Michael Aranda: If you're a dinosaur fan, you might have noticed that the way we portray them has changed over the years.  I'm not just talking about the feathers.  We used to think of dinosaurs as sluggish, cold-blooded reptilian monsters, and at some point, they became the swift, active hunters of Jurassic Park, more like warm-blooded creatures.  But dinosaurs might not have been either cold-blooded or warm-blooded.  Instead, they were probably a little bit of both. 

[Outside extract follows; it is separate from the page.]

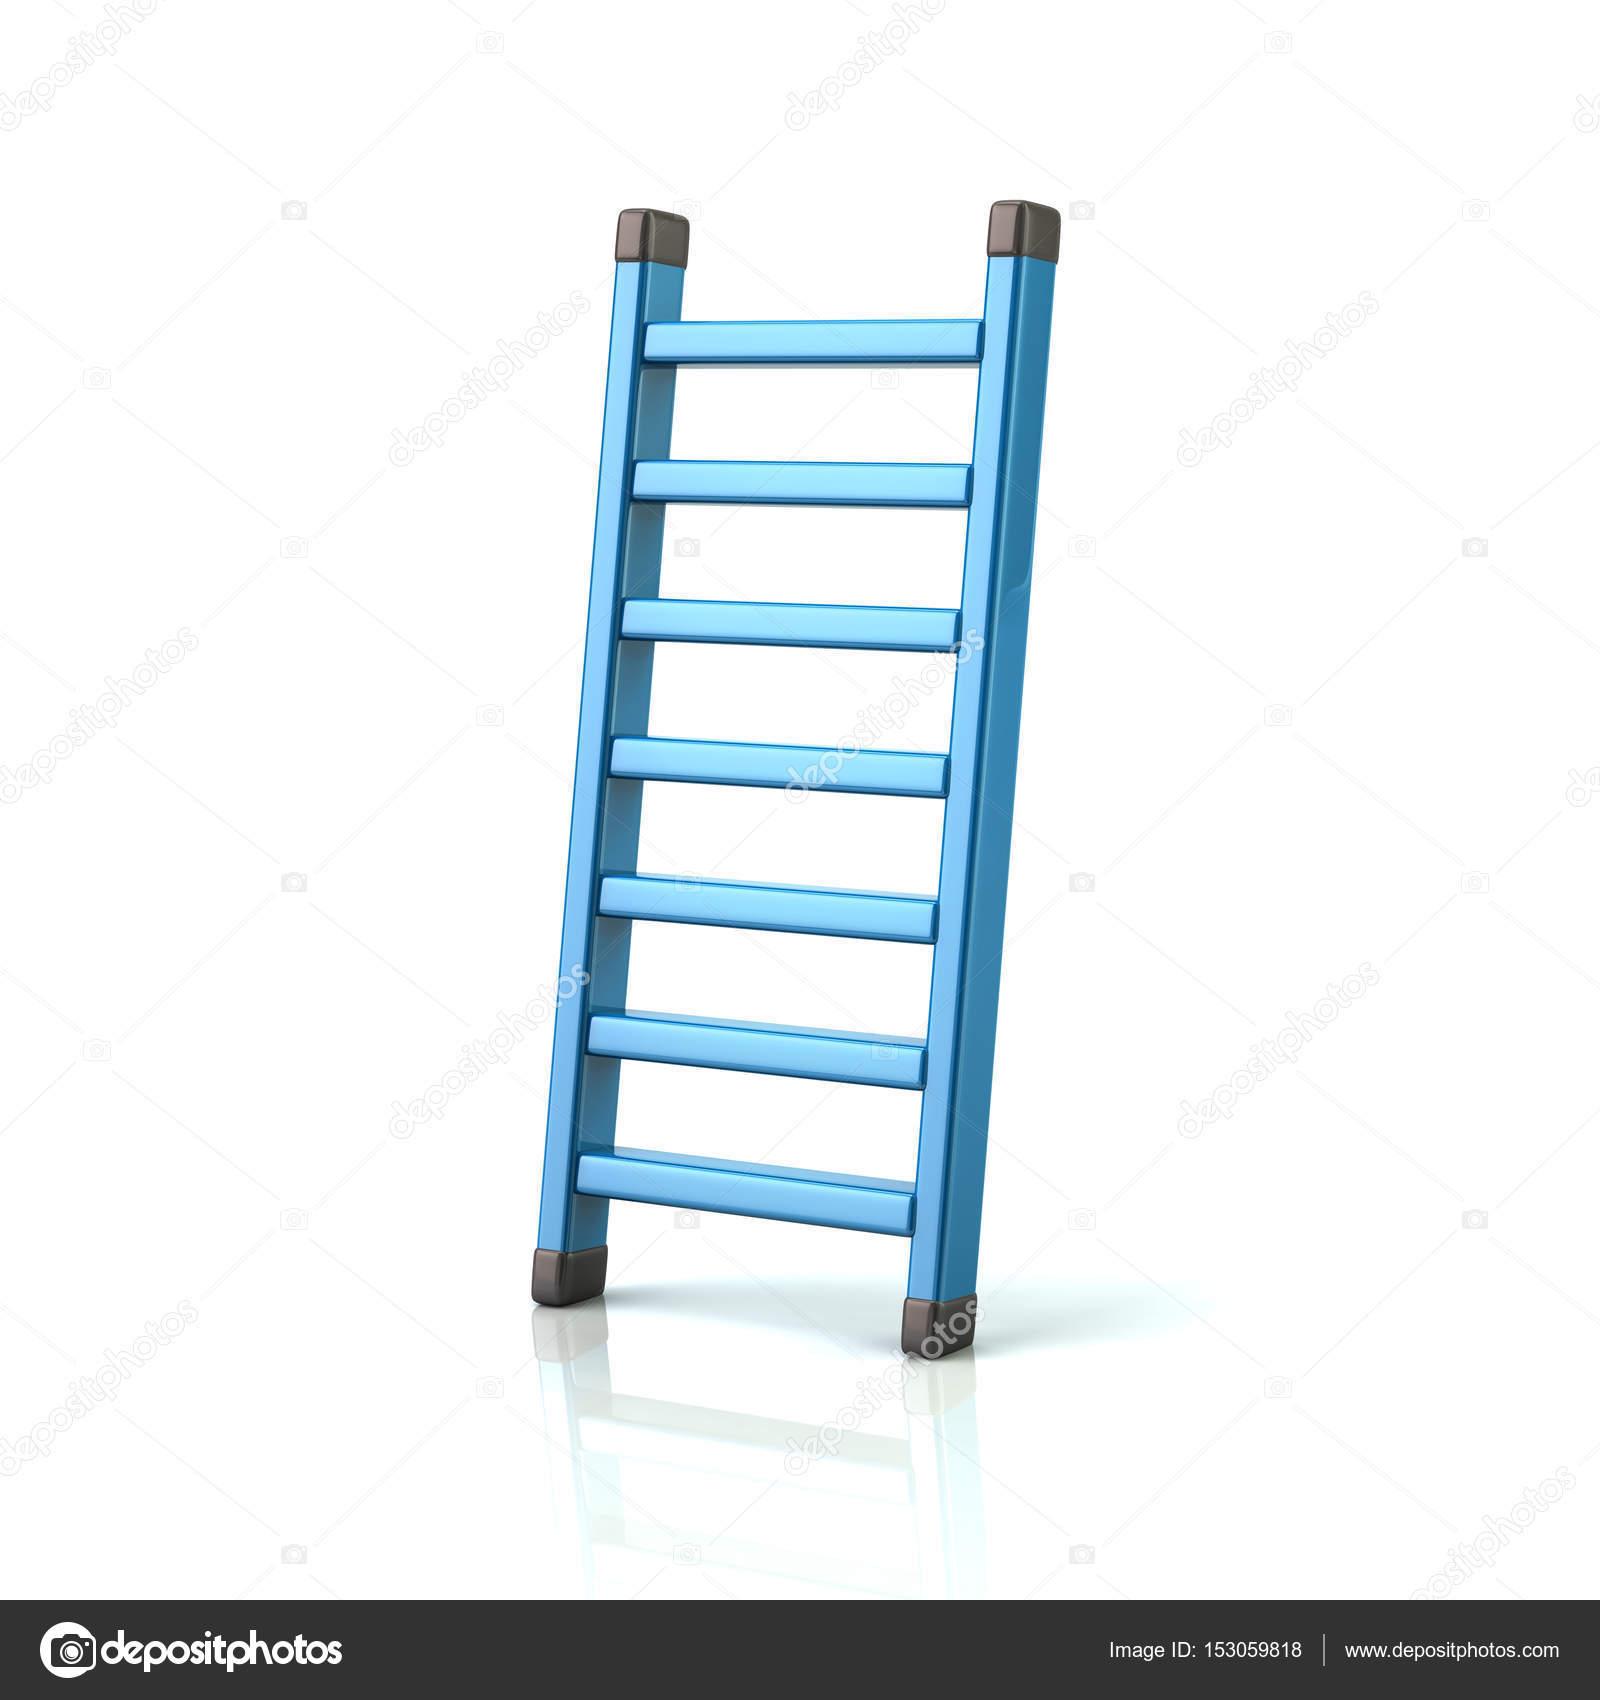 Blue ladder icon — Stock Photo © valdum #153059818

Ectothermic, or cold-blooded organisms like reptiles and fish, rely on their environment to warm their bodies, which helps them conserve energy.  Endothermic, or warm-blooded creatures, like birds and mammals, hold their body temperatures steady.  In your case, that's a toasty 37 degrees Celsius.  There are advantages to being warm-blooded, since you can stay active even when it's cold out, but it also takes a lot of energy to maintain that high temperature, which means you need plenty of food. 

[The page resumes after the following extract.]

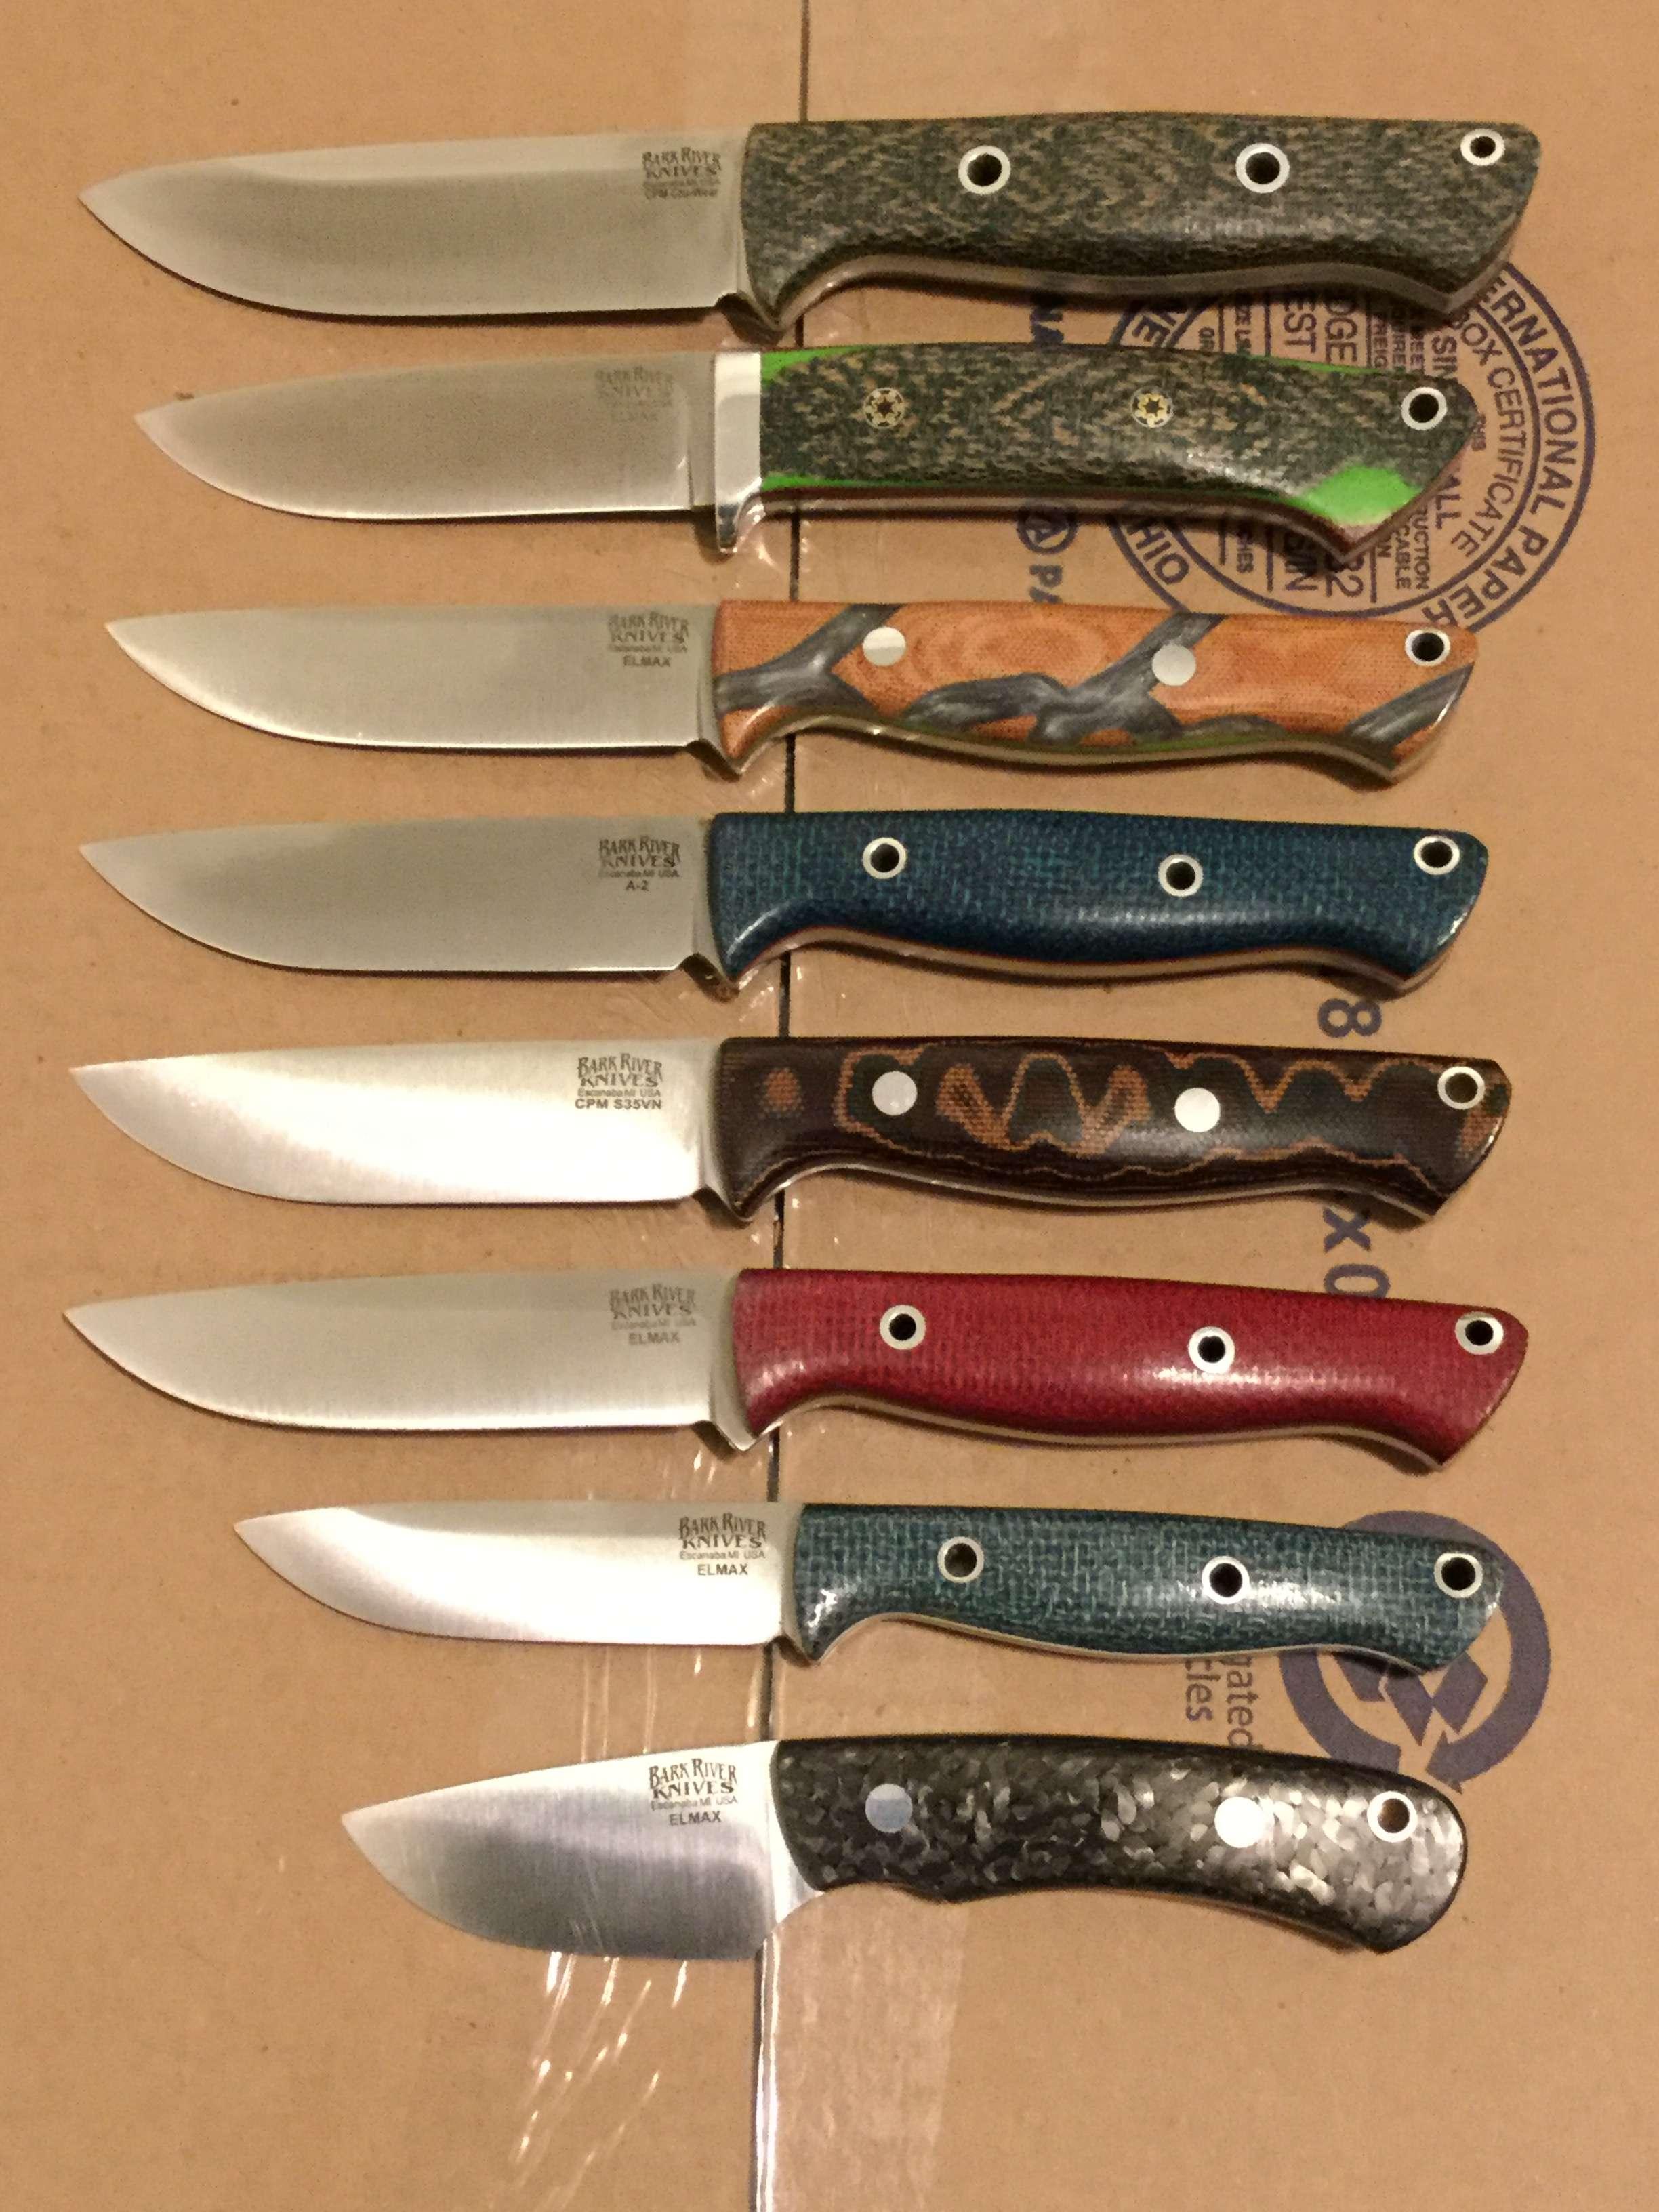 Gentlemen, recommend 1st bark river knife - AR15 COM

For decades, paleontologists have been debating which category the dinosaurs fall into.  Since warm-blooded birds are descended from dinosaurs, there must have been a transition to endothermy somewhere in the dinosaur family tree, but according to a study published in 2014 in the journal Science, that might have happened gradually, with dinosaur metabolism sort of in-between endotherms and ecotherms. 

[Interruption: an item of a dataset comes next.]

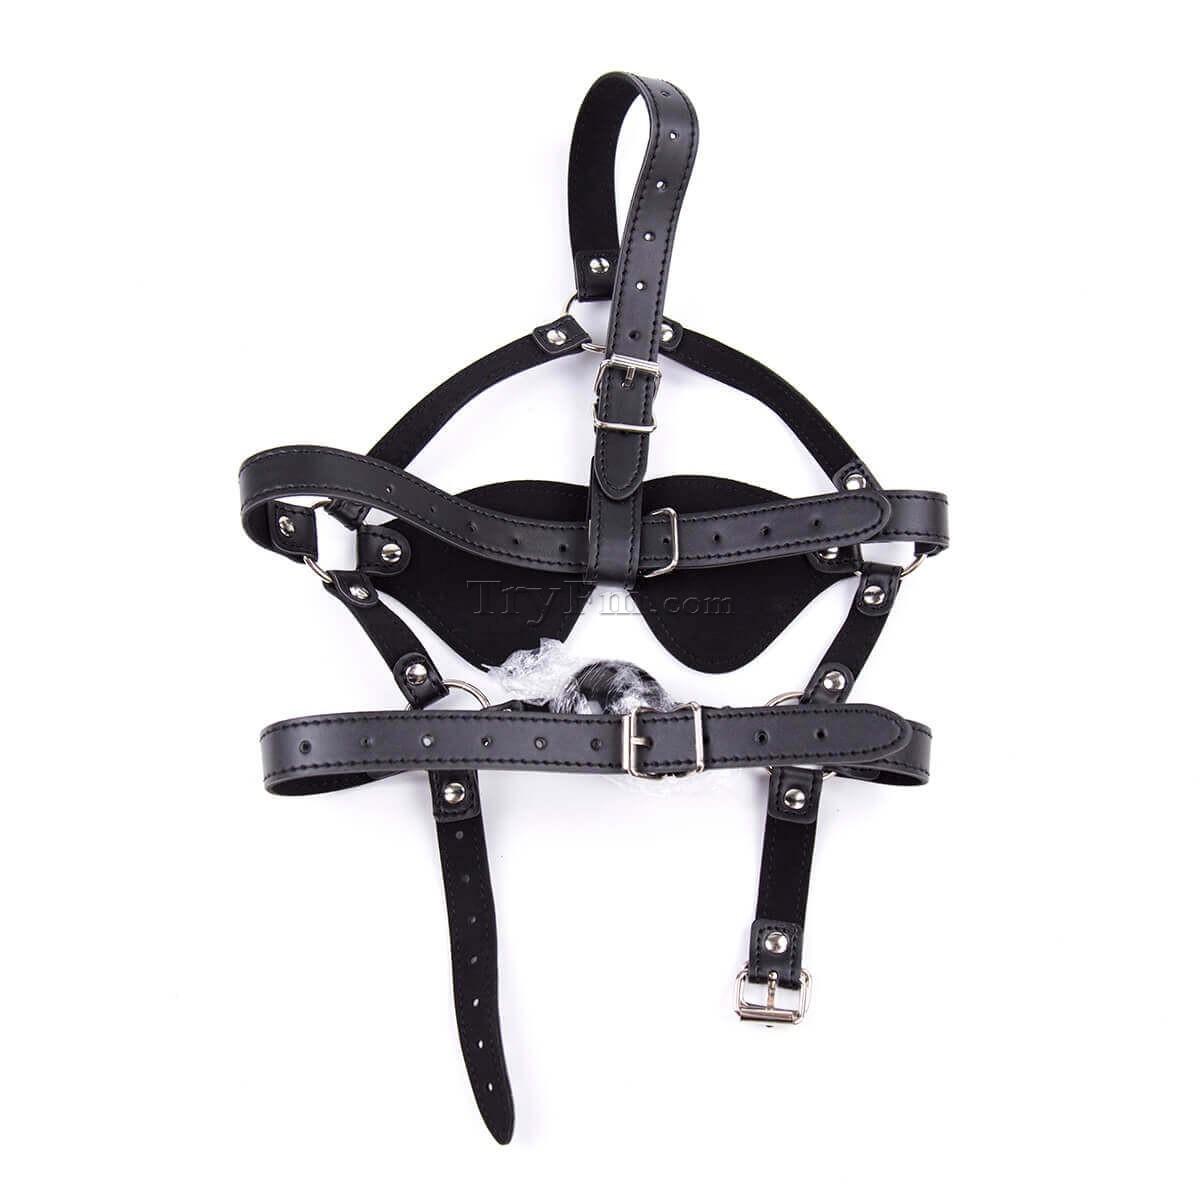 24-Blindfold-Harness-and-Ball-Gag-10.jpg

The key was in their bones.  When bones grow, they lay down growth rings just like trees.  By looking at these rings, scientists can calculate how fast the animal grew, even if it's been dead a hundred million years, and they can use growth ring data to estimate how an animal's metabolism worked.  Animals with faster metabolisms use more energy, so they eat more food and grow faster. 

So, the team looked at the growth rings in dinosaur fossils and compared them to those of modern animals, both endotherms and ectotherms.  They pulled published data on hundreds of vertebrates and dozens of dinosaurs and crunched the numbers using statistical analysis.  They found that the dinosaurs had a metabolic rate somewhere between reptiles and birds, meaning they weren't endotherms or ectotherms, they were mesotherms, or middle-blooded. 

Mesothermy is an entirely different type of temperature regulation, in which animals generate their own heat, like endotherms, but don't hold their bodies to a specific temperature, like ectotherms.  They end up with a body temperature that's a few degrees higher than their surroundings, but they're still dependent on their environment to some extent.  Like modern methoserms, such as the great white shark or the echidna, dinosaurs might have relied on their muscles to produce heat, and their large size to retain it, without sticking to a particular temperature.  Evolutionarily, it would make sense, because the dinosaurs would get to conserve a bit of energy while still being more active than their cold blooded competition. 

However, some paleontologists had problems with this study.  For one thing, not everyone agrees on how to interpret the growth ring data.  Using other statistical methods, it might actually support much faster growth rates, giving us warm-blooded dinosaurs.  For another, not all dinosaurs were the same, maybe the more bird-like theropod had faster metabolic rates than the more lizardy sauropods.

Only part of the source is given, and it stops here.